The Next Chapter in the Federer/Nadal Rivalry was Just Concluded

The Next Chapter in the Federer/Nadal Rivalry was Just Concluded

As you know, Spain won the Fifa World Cup yesterday for the very first time in the history of the World Cup. Congrats to Spain! You may also know that Nadal came to my country to watch his country play in the final against Holland. It was a tense final as neither of the teams was able to take advantage of several great scoring opportunities. But that is what you would expect of a match of such importance. Spain finally scored the winner when Andres Iniesta blasted the ball past the Dutch goal keeper in the second half of extra time. Nadal said the following after his country’s historic win:

“I cried like a little boy. We have to celebrate for a whole year, because this is unbelievable. It is very difficult to repeat this,” Nadal told Marca.

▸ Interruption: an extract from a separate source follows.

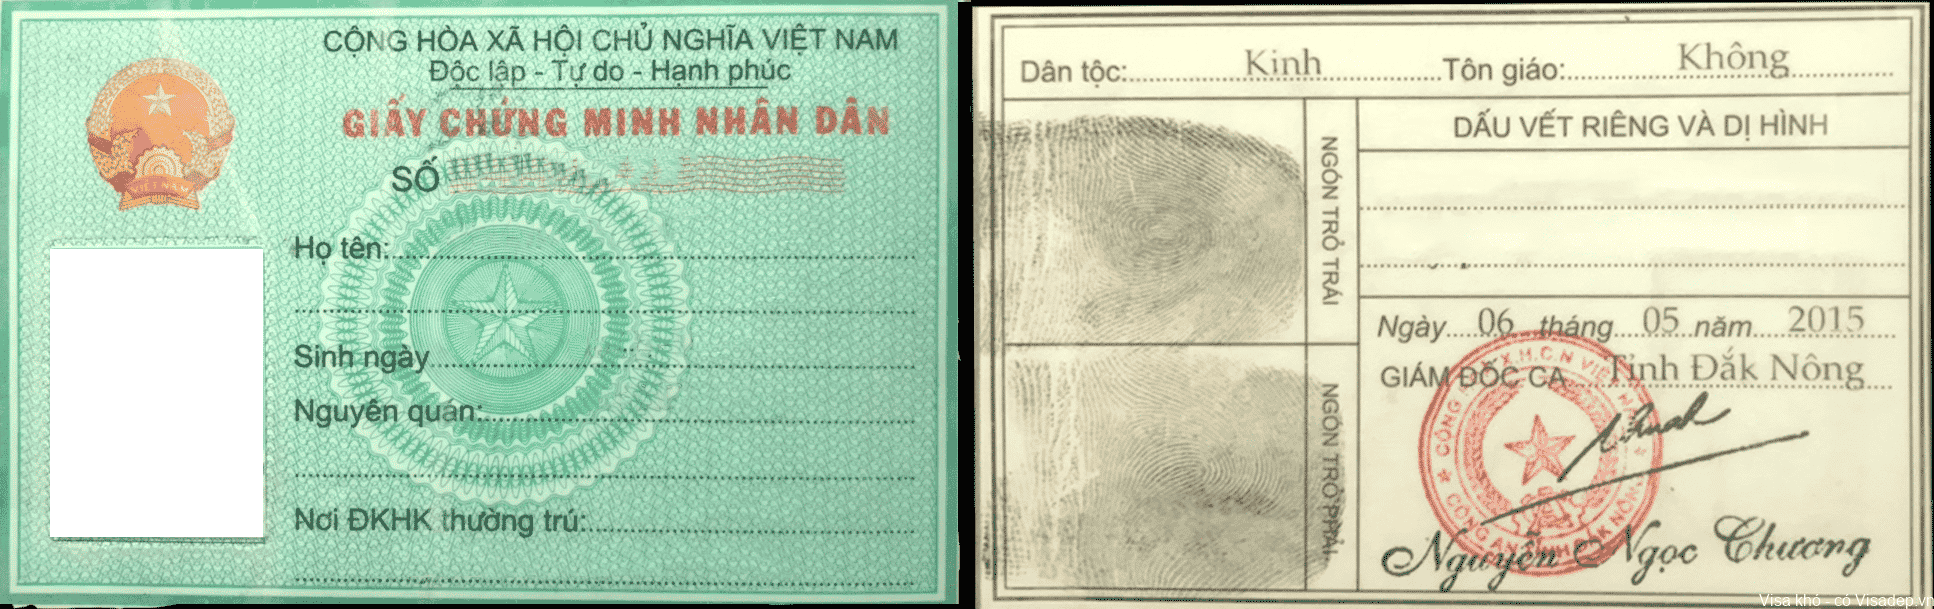 Giấy chứng Minh si quan 1968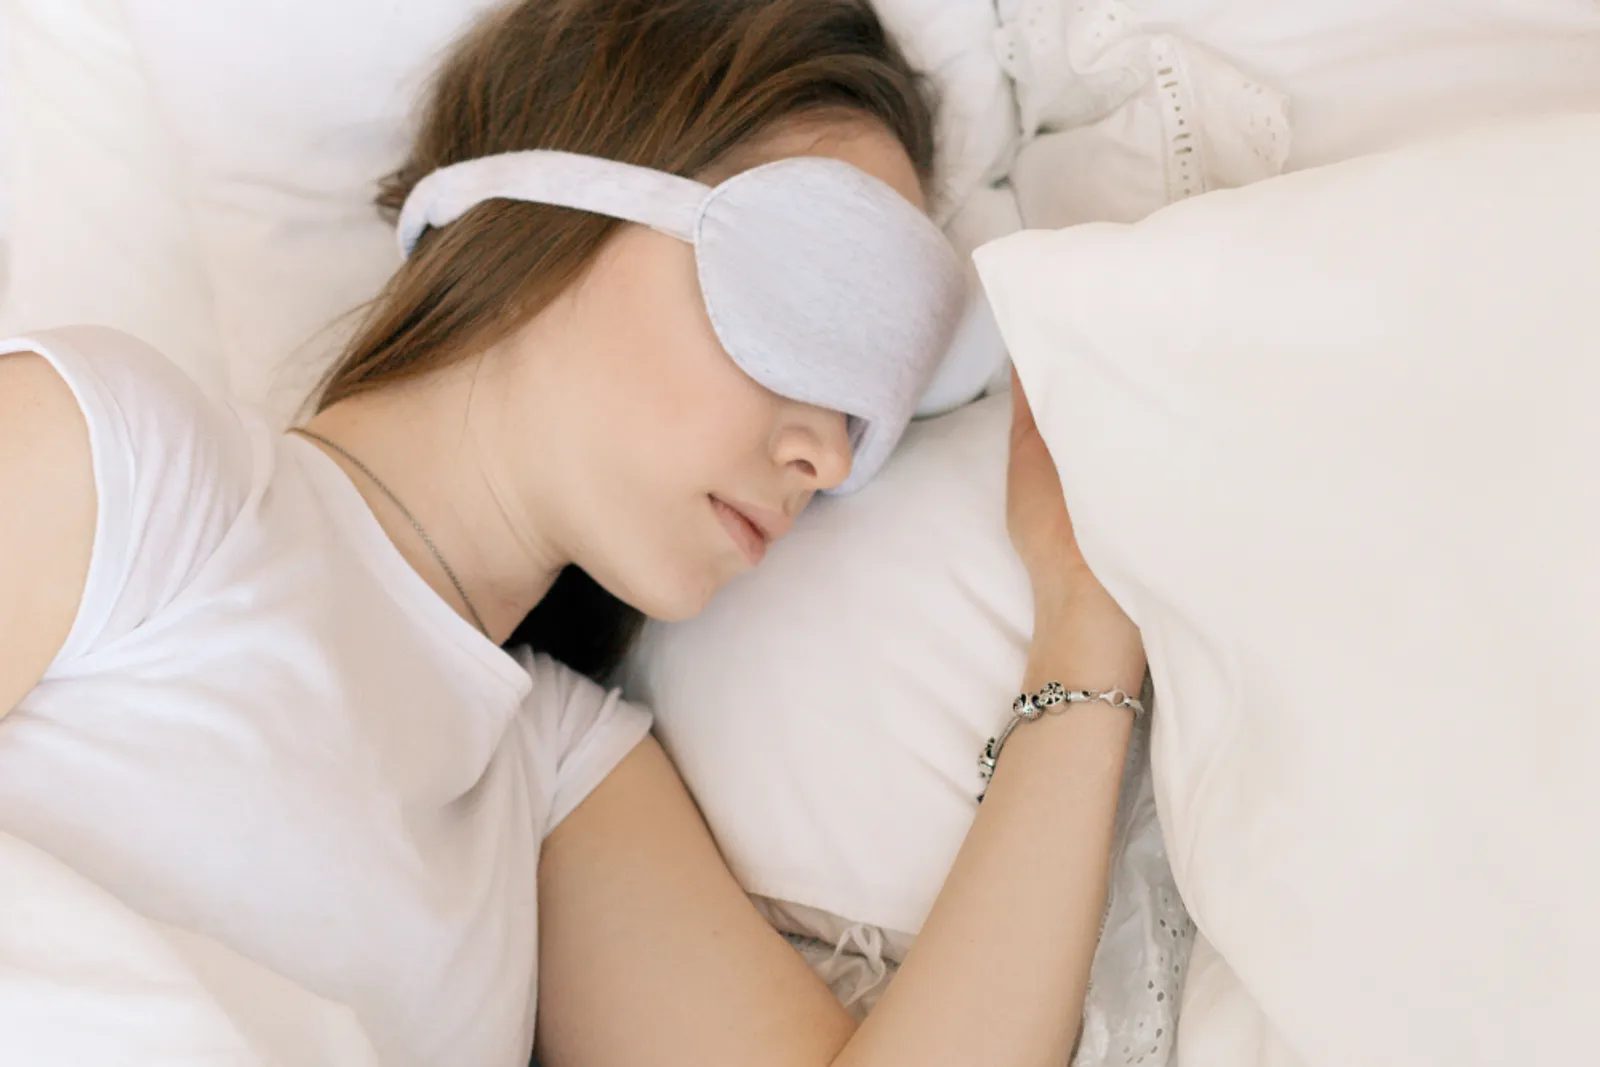 5 Cara Memperbaiki Jam Tidur yang Berantakan

http://www.mmail.com.my/content/42730-nadal-cries-joy-after-historic-glory

This win clearly means a huge amount to him. What does this all have to do with the Fedal rivalry? Last year Federer won the French Open and Wimbledon double, and after Wimbledon his wife gave birth to twin daughters. It is becoming uncanny how similar Rafa’s 2010 is to Roger’s 2009. Both had a bad year the previous year and had bad starts to the year, both got their act together in the clay court season, and both won the French Open/Wimbledon double. And now both had a significant event happening in their lives after Wimbledon. For both these players 2009 and 2010 must be the best year of their lives respectively so far. Nadal is obviously a huge football fanatic who played football before he took up tennis, and winning the world cup is basically on par with Federer having children.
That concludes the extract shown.